Anne Lamott: “The truth is that ‘to whomever much is given, of him will much be required; and to whom much is entrusted, of him more will be asked,” if Jesus is to be believed. He meant us. Gratitude begins in our hearts and then dovetails into behavior. It almost always makes you willing to be of service, which is where the joy resides. It means you are willing to stop being such a jerk. When you are aware of all that’s been given to you, in your lifetime and in the past few days, it’s hard not to be humbled, and pleased to give back.” Gratitude is a response to grace.
So – this is Sunday – First Day. Think backwards. Just this past week. Where did you experience grace?

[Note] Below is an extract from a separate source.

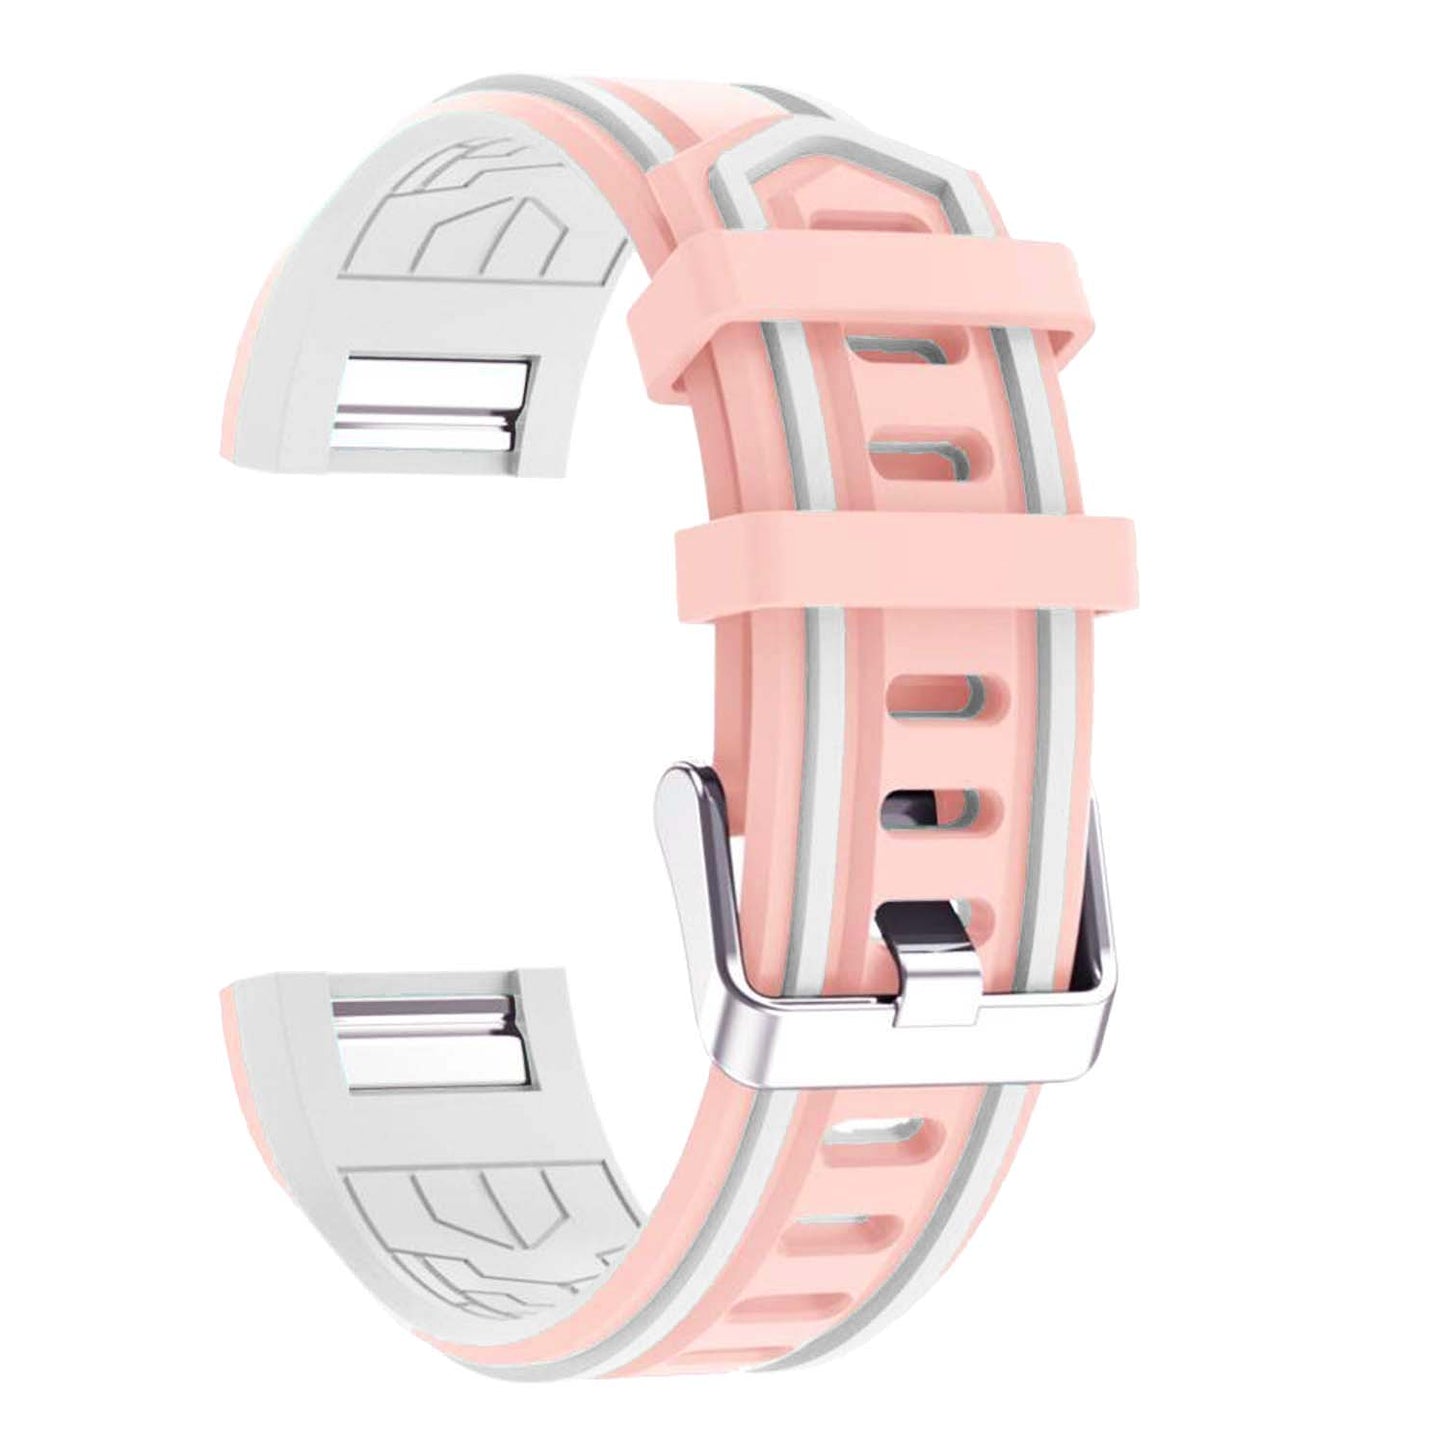 Racing Stripe RubberBand for Fitbit Charge 2

How did you respond? How did you behave? How did your behavior reflect the grace of God? The goodness of God? The gratitude you have for all you have, toward God? It’s hard not to be humbled, isn’t it? A big part of the word gratitude is attitude!
“Saying and meaning “Thanks” leads to a crazy thought”, says Annie. “What more can I give? We take the action first, by giving – and then the insight follows, that this fills us. Sin is not the adult bookstore on the corner. It is the hard heart, the lack of generosity, and all the isms, racism, and sexism and so forth. But is there a crack where a ribbon of light might get in, might sneak past all the roadblocks and piles of stones, mental and emotional and cultural? We can’t will ourselves to be more generous and accepting. It obviously behooves me to practice being receptive, open for the business of gratitude. A nun I know once told me she kept begging God to take her character defects away from her. After years of this prayer, God finally got back to her: “I’m not going to take anything away from you. You have to give it to Me.”
“I have found,” Annie says, “that I even have to pray for the willingness to give up the stuff I hate most about myself. I have to ask for help, and sometimes beg. (Mayday!) That’s the human condition. I just love my own guck so much. Help.”
Perhaps, if we ‘cracked pots’ – so fragile, thin, and open, can allow the Light of God, that ‘ribbon of light’, to permeate us, to fill us, to provoke us to use the Light we are and have for others, we will discover the charis – the grace of gratitude - for ourselves, and for others. Our thanks will mean more to us. We will say it more often. We will say it with greater cause and for deeper reason. Our thanks will be filled with giving. Our giving will be filled with thanks. Our gratitude will come from the attention we’re paying to God’s good grace. ‘thankyouthankyouthankyou’ Amen.